In developing its recommendations, the expert group undertook an extensive review of the organisation of radiation oncology services in countries such as Sweden, Norway, the Netherlands, the United Kingdom, Canada and Australia. The predominant view of the group, based on international guidelines of best practice is that radiation oncology services would be best developed in the context of a clinical network model of four large centres in Dublin, Cork and Galway, where new treatment centres have appropriate staff and equipment resources based around a minimum 4-6 linear accelerator treatment capacity. This report was discussed and unanimously endorsed by the National Cancer Forum at its last meeting on 17 September 2004, as the framework for the future development of radiation oncology services in this country.

Significant progress is being made in implementing the recommendations of the radiation oncology report. Approval has issued for the appointment of an additional five consultant radiation oncologists and recruitment is under way. These developments will significantly improve access to radiotherapy for patients in the south east and elsewhere.

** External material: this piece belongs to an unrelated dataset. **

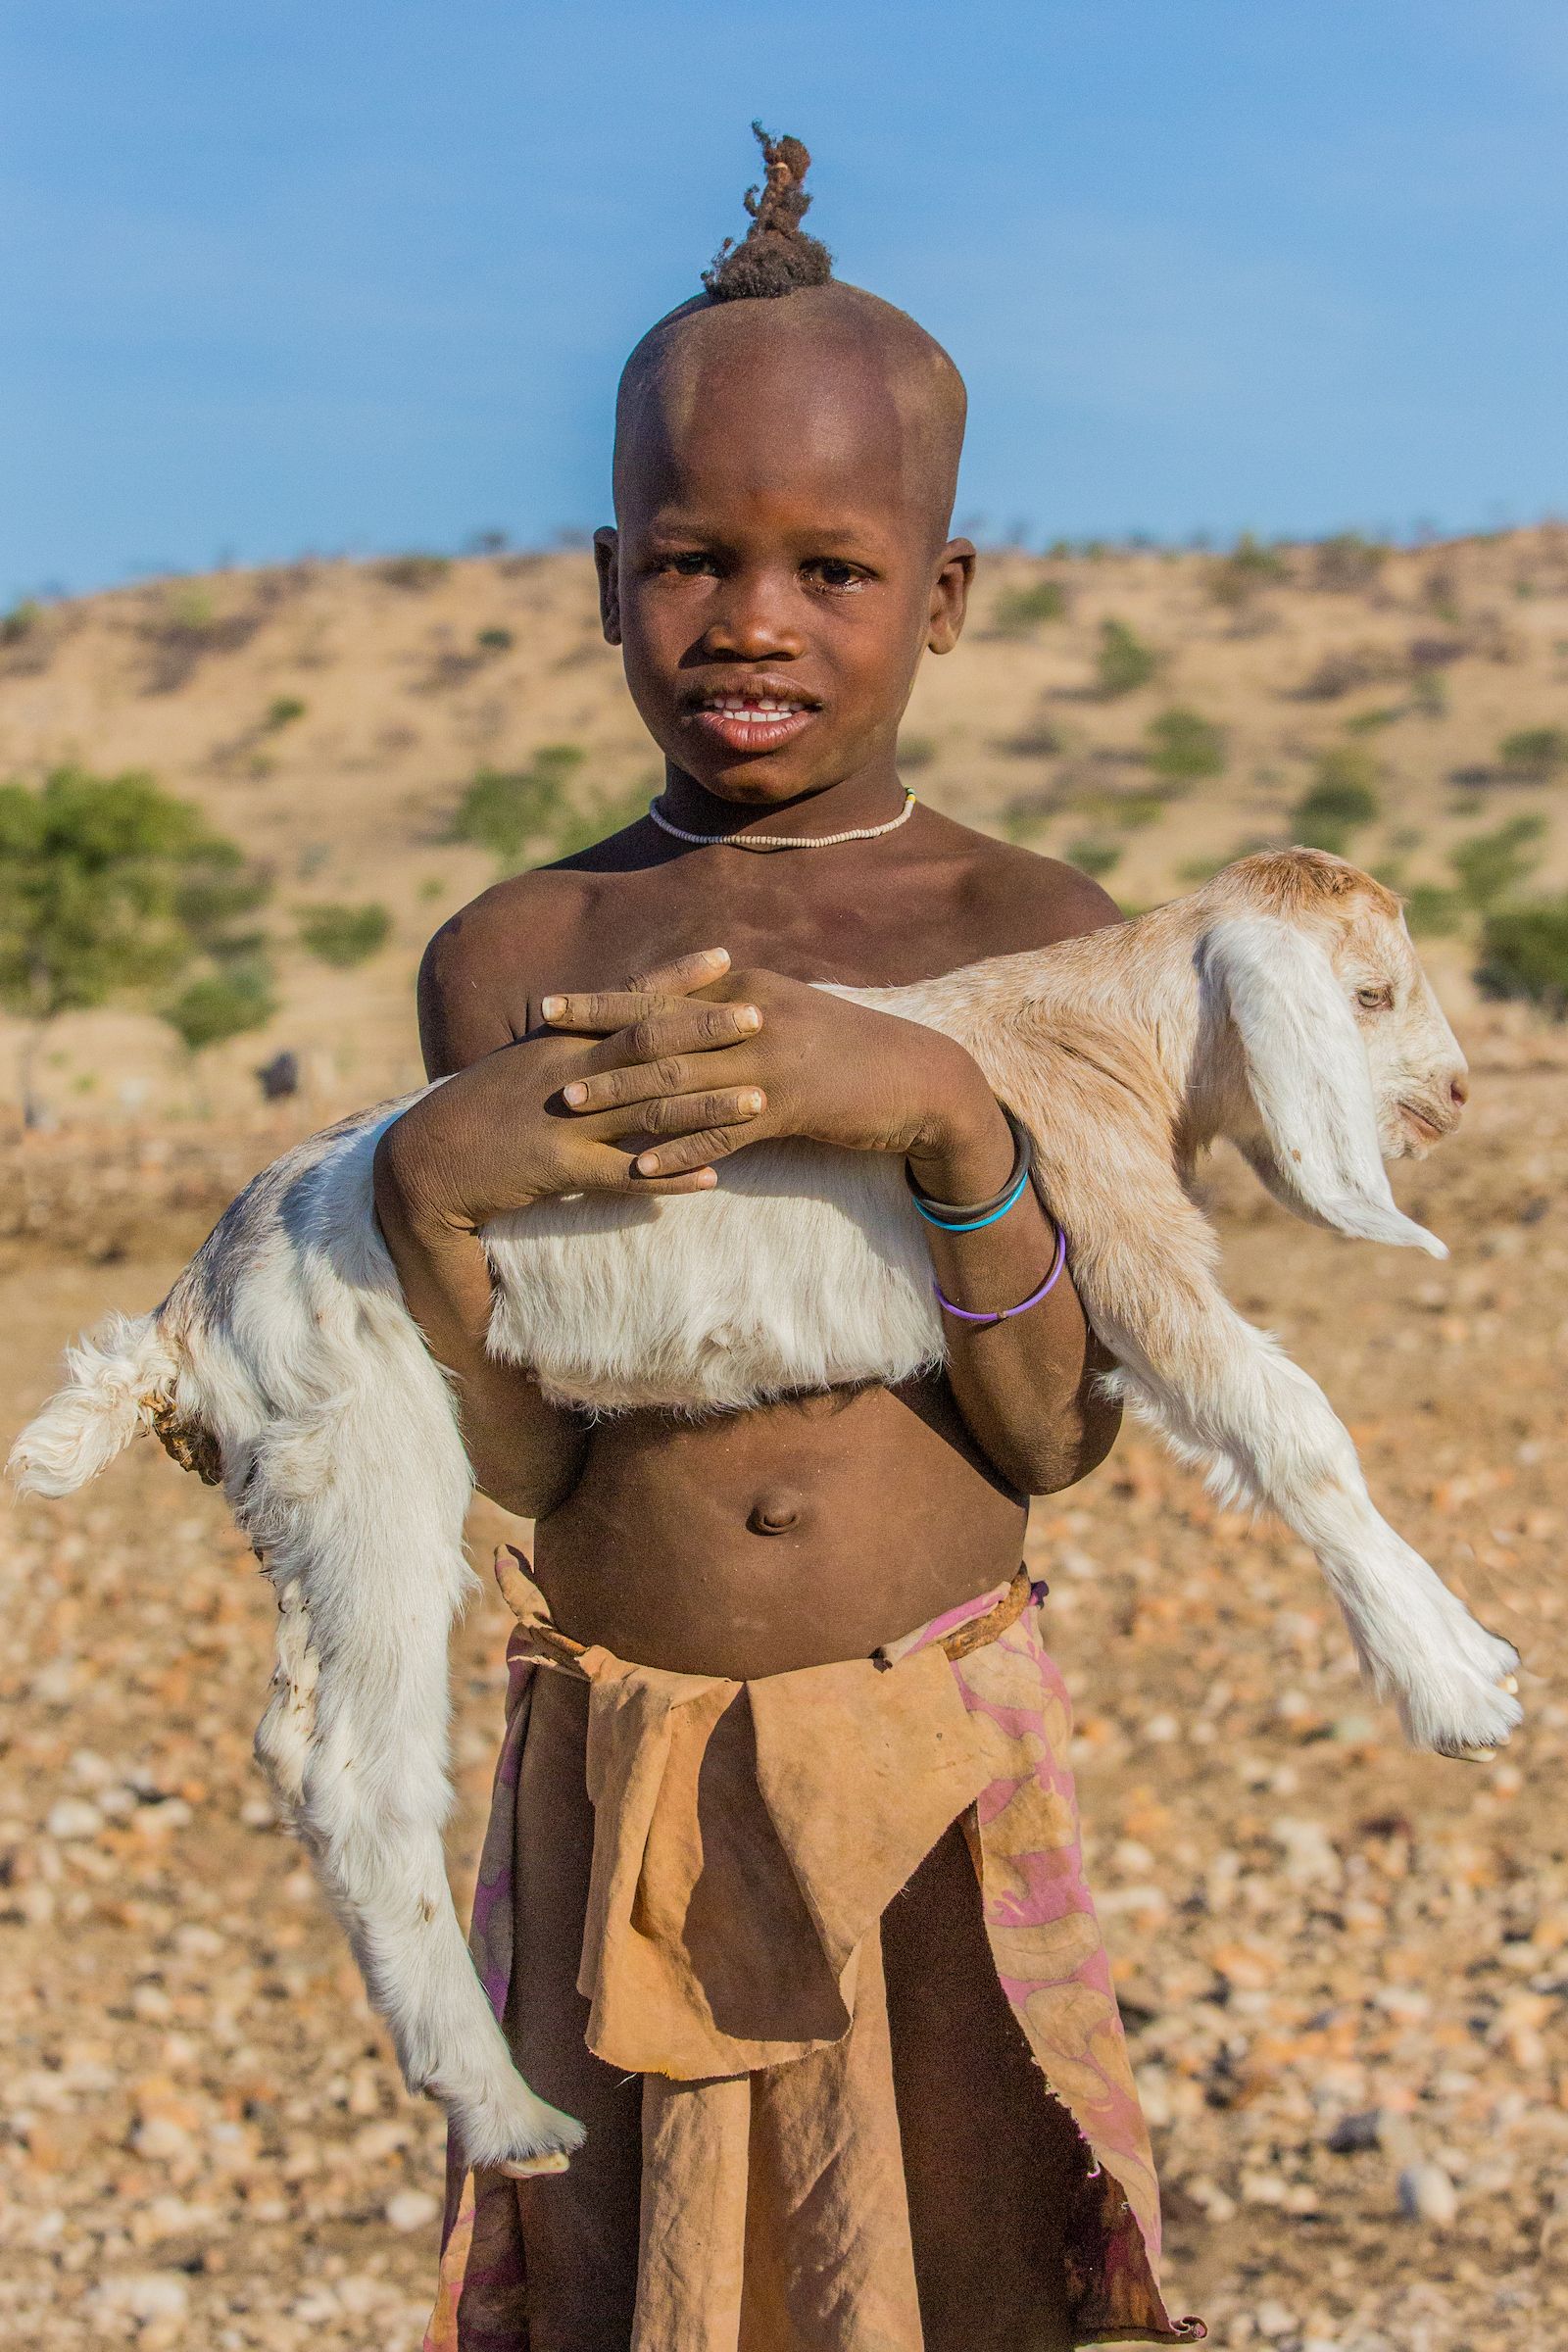 A young Himba boy and his goat on our photography tour in Namibia

As recommended in the report, the national radiation oncology co-ordinating group has been established. The group comprises clinical, technical, managerial, academic and nursing expertise from different geographic regions. The group's remit encompasses recommending measures to facilitate improved access to existing and planned services, including transport and accommodation. The group will also advise on quality assurance protocols and guidelines for the referral of public patients to private facilities.

Funding of up to €l million is being made available to develop a national telesynergy network for oncology services. The aim of the network is to improve service delivery and efficiency, to better use consultants' time, reduce consultant and patient travel, and support earlier and better diagnosis.

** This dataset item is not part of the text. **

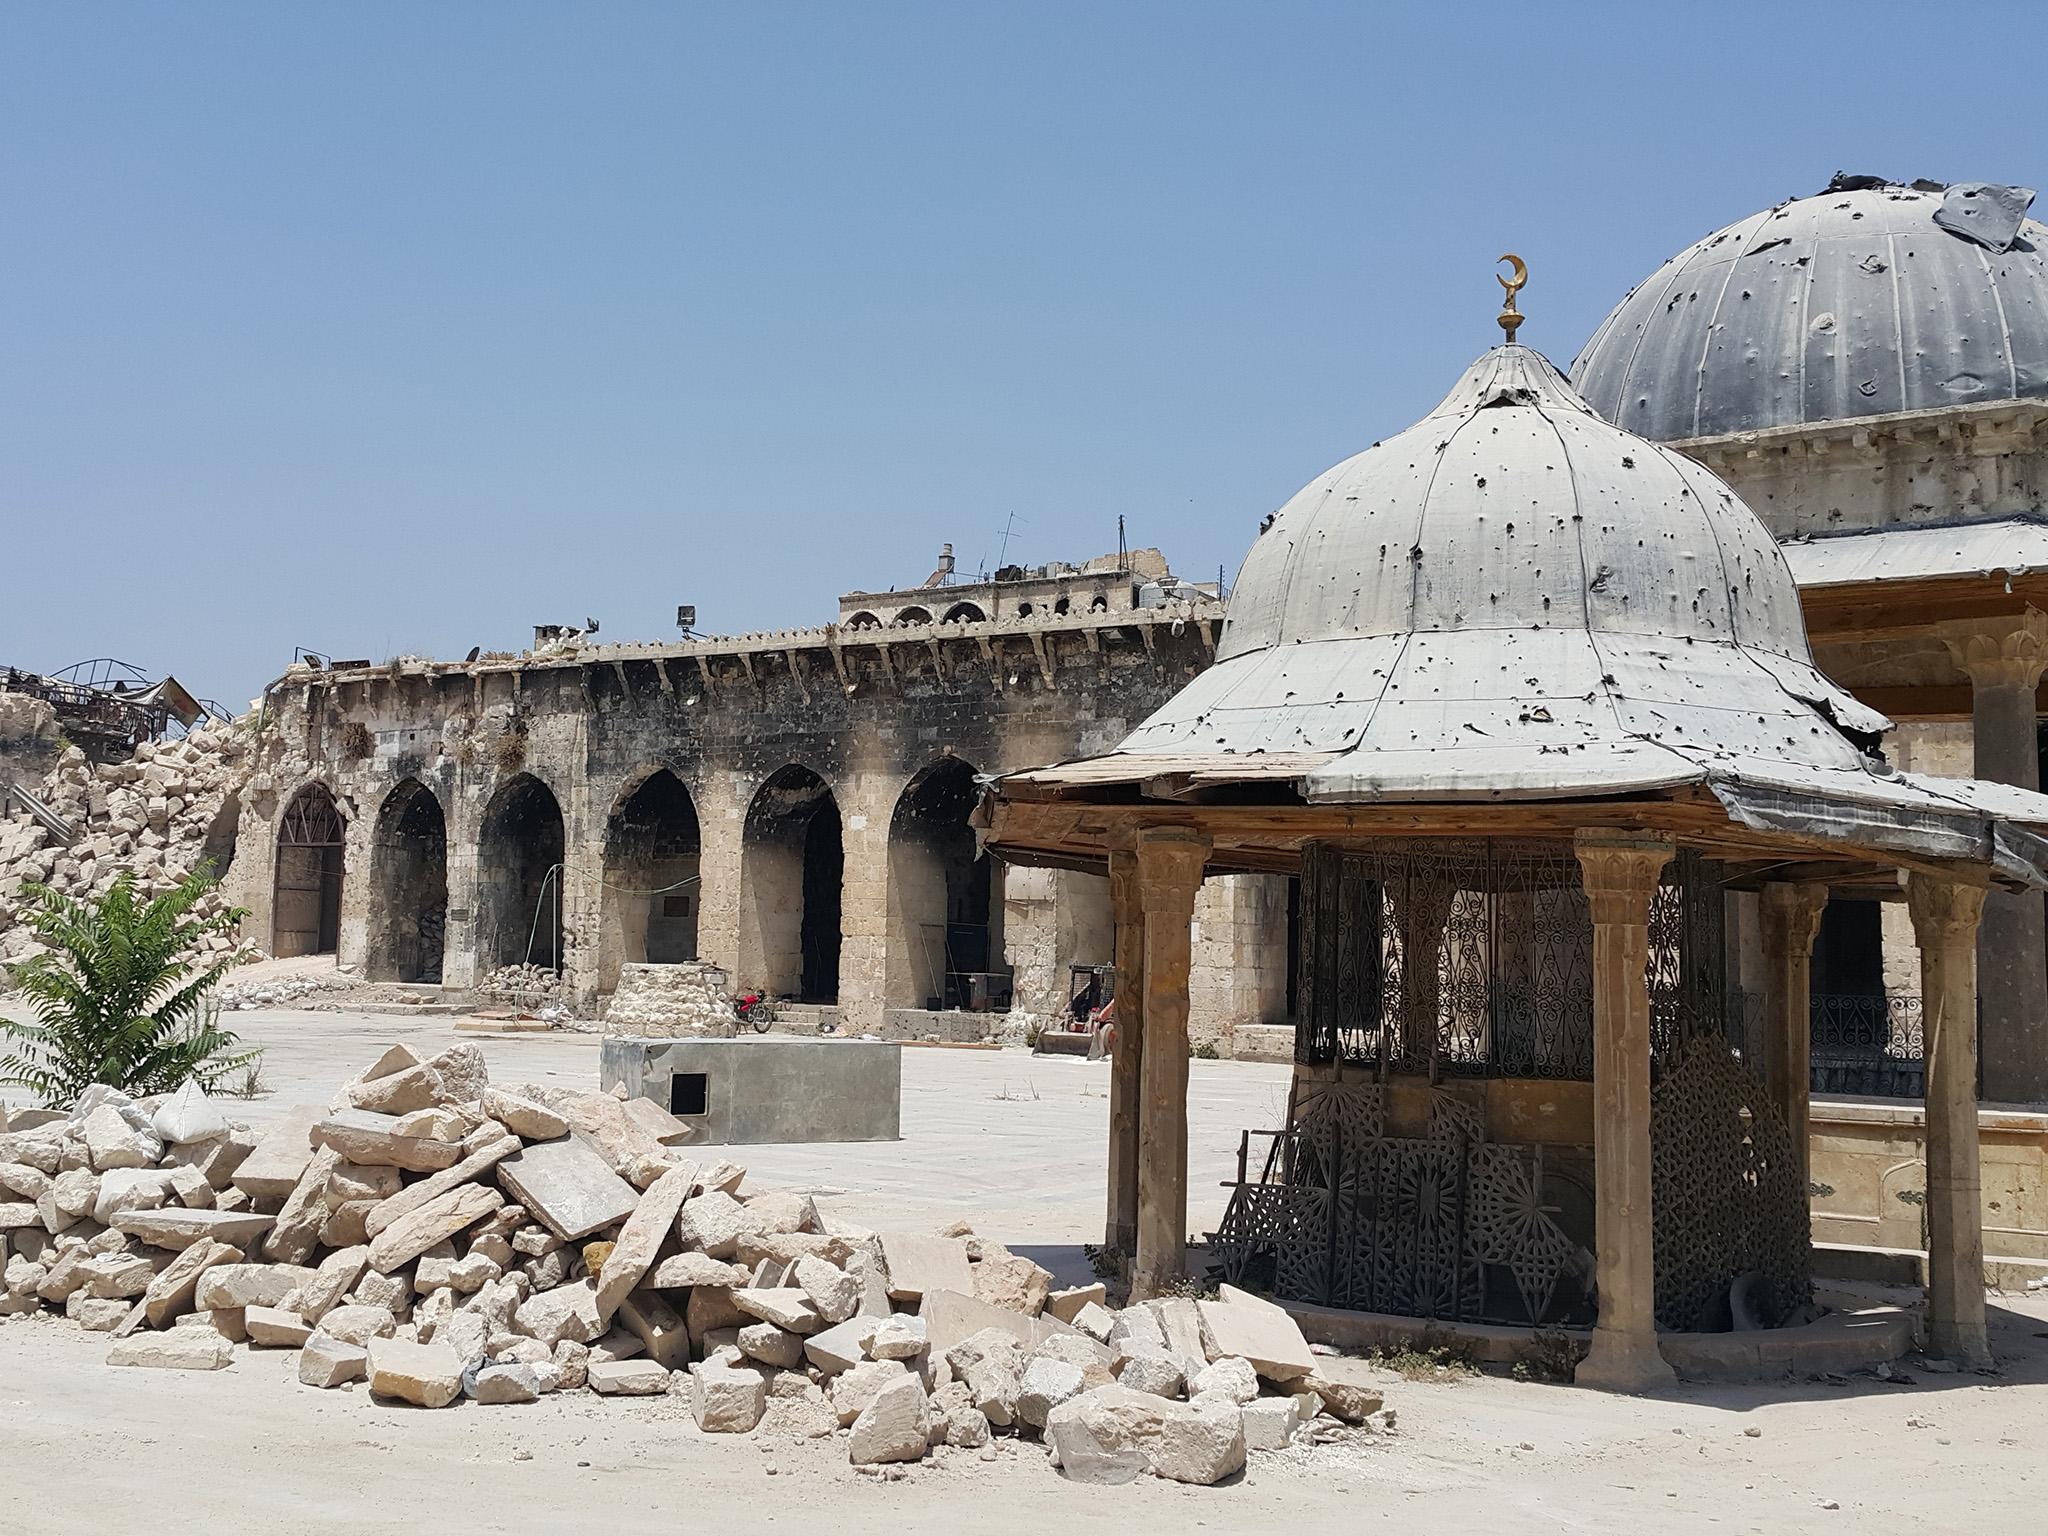 &#13;
Rubble in the courtyard of the Great Mosque with stone remains of the minaret far left (Photo: Nelofer Pazira)&#13;

Radiation oncology centres will be required to provide services on an equitable basis which will ensure that patients of equal need will have equal access. Geography will not be a barrier to equal access. Radiation oncology centres at major teaching hospitals will be required to provide outreach services to hospitals in adjoining regions. This is currently the case and as more consultant radiation oncologists are appointed it will be necessary to ensure that there is an equitable spread of outreach services.

The model proposed by the report on the development of radiation oncology services in Ireland will provide a framework that meets the following national and international standards: it will adhere most closely to World Health Organisation, US national institutes of health and gold standard of cancer treatment being delivered within the context of a comprehensive cancer centre model; it will enable the development of specialist clinical teams with both tumour-specific and technology-specific expertise; it mandates the development of more extensive and integrated multi-disciplinary care; it meets the stated and expected medical and paramedical training programmes and their associated national and international accreditation mechanisms; it facilitates the most rapid implementation of new radiation technologies, particularly those with significant complexity and expense; and, fundamentally, it will address the issue of access where a profound shortage of national treatment capacity no longer becomes the dominant limiting factor.

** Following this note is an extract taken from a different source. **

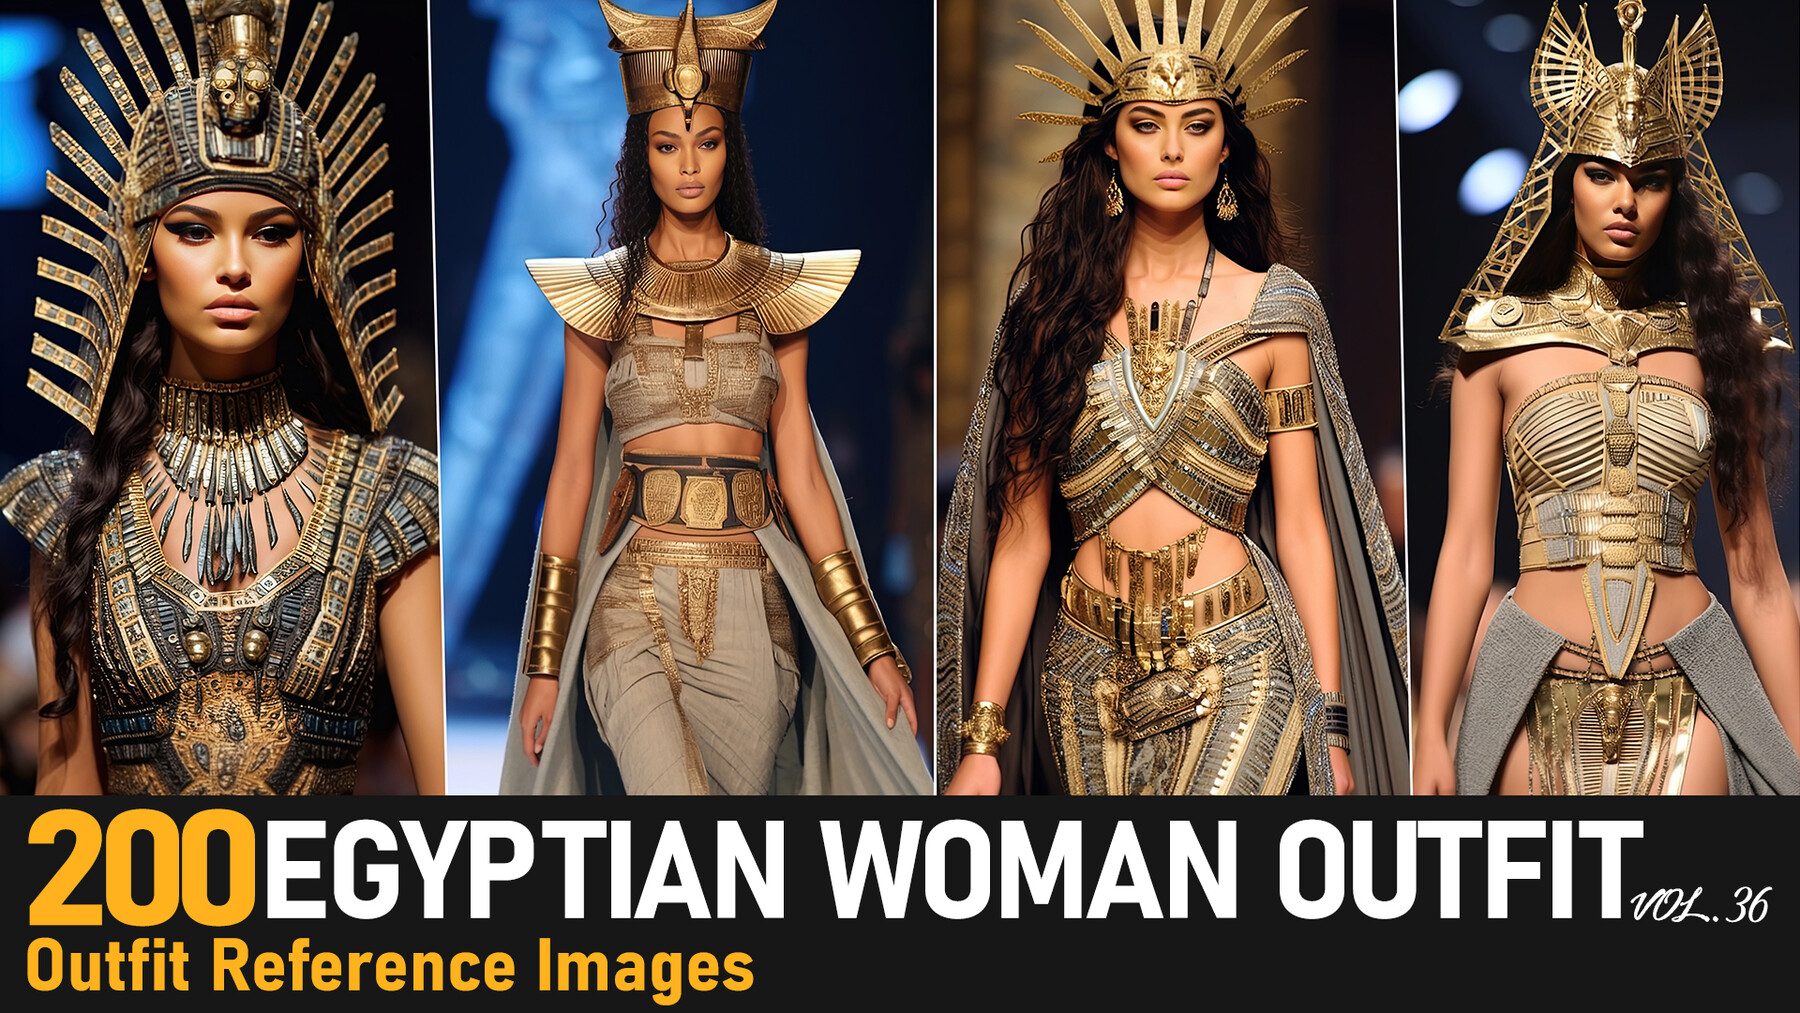 ArtStation - Egyptian Woman Outfit VOL.36|4K Reference Images | Artworks

I wish to reiterate the Government's commitment to providing the full range of cancer services for people throughout Ireland. In its decision last year on radiotherapy services, the Government remained open to the provision of a satellite radiation oncology unit in Waterford and elsewhere. The question of networked satellite locations will be kept under active review. New ideas and suggestions are continually being made and they are given fair consideration within the need to avoid a haphazard overall outcome.

We are determined to deliver enhanced services for the whole population as soon as possible. We will keep an open mind on how this objective can be achieved, bearing in mind the recommendations of the expert group, and our objectives of achieving best clinical outcomes for patients and making services both accessible and available to all cancer patients.

The Seanad adjourned at 8.25 p.m. until10.30 a.m. on Thursday, 18 November 2004.